Furthermore, grounding also calms your sympathetic nervous system, which supports your heart rate variability. And, when you support heart rate variability, this promotes homeostasis, or balance, in your autonomic nervous system. This is important because anytime you improve your heart rate variability, you're improving your entire body and all its functions.
Be a Role Model to Help Your Child Spend More Time in Green Spaces
Your kids are watching your every move, and if they see you enjoying the great outdoors, they will too.
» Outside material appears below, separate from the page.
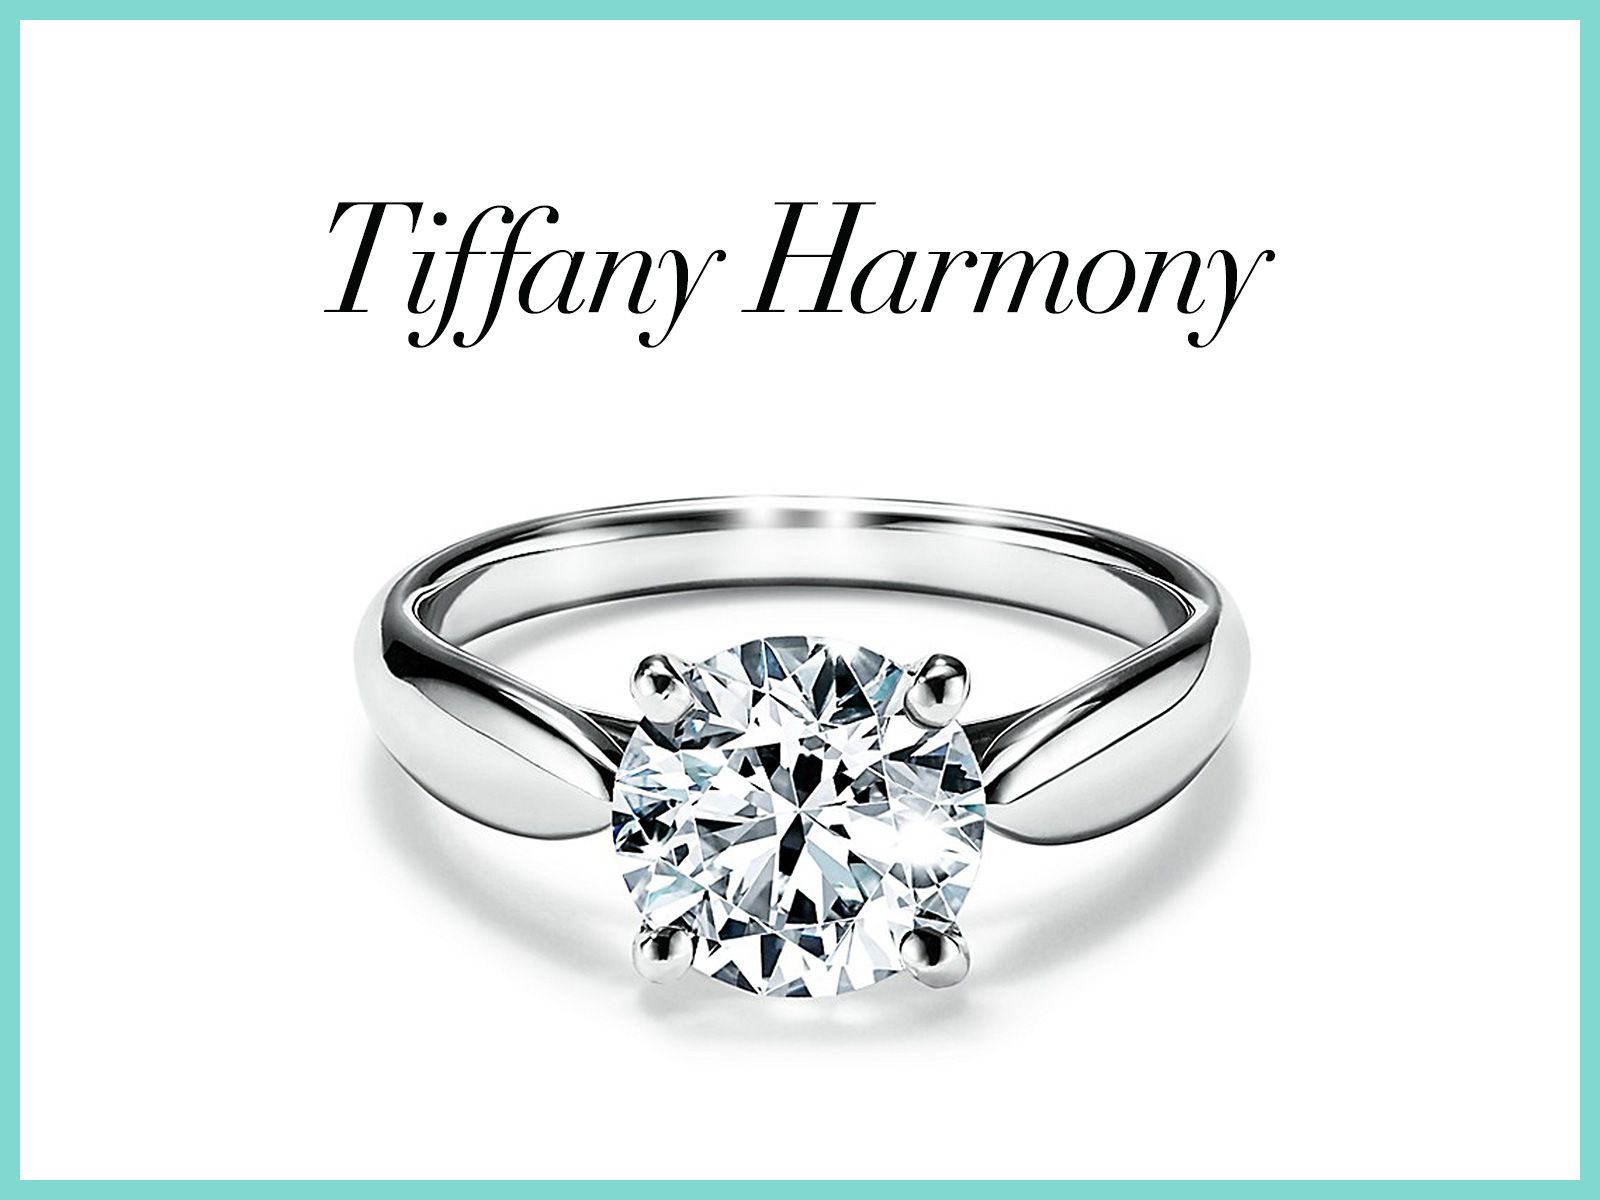 ティファニーの婚約指輪を総覧。そのダイヤモンドに秘められた特別な

Encourage your children to engage in activities that are naturally interesting to them, such as playing on the monkey bars, rollerblading, skateboarding, playing basketball with friends, or helping you in the garden. Organized sports are great, but so are spontaneous romps through mud puddles, climbing trees, and spotting frogs in a nearby creek.
Opportunities to grow and appreciate nature are everywhere, so try to encourage your child's natural curiosity and sense of exploration by identifying birds on the way to the bus stop, talking about the insects you see around your yard, or helping your child plant a small flower or vegetable garden. Above all, resist the urge to overly structure your child's outdoor time, instead encouraging natural active play, time together as a family, as well as respect and appreciation for the outdoor world.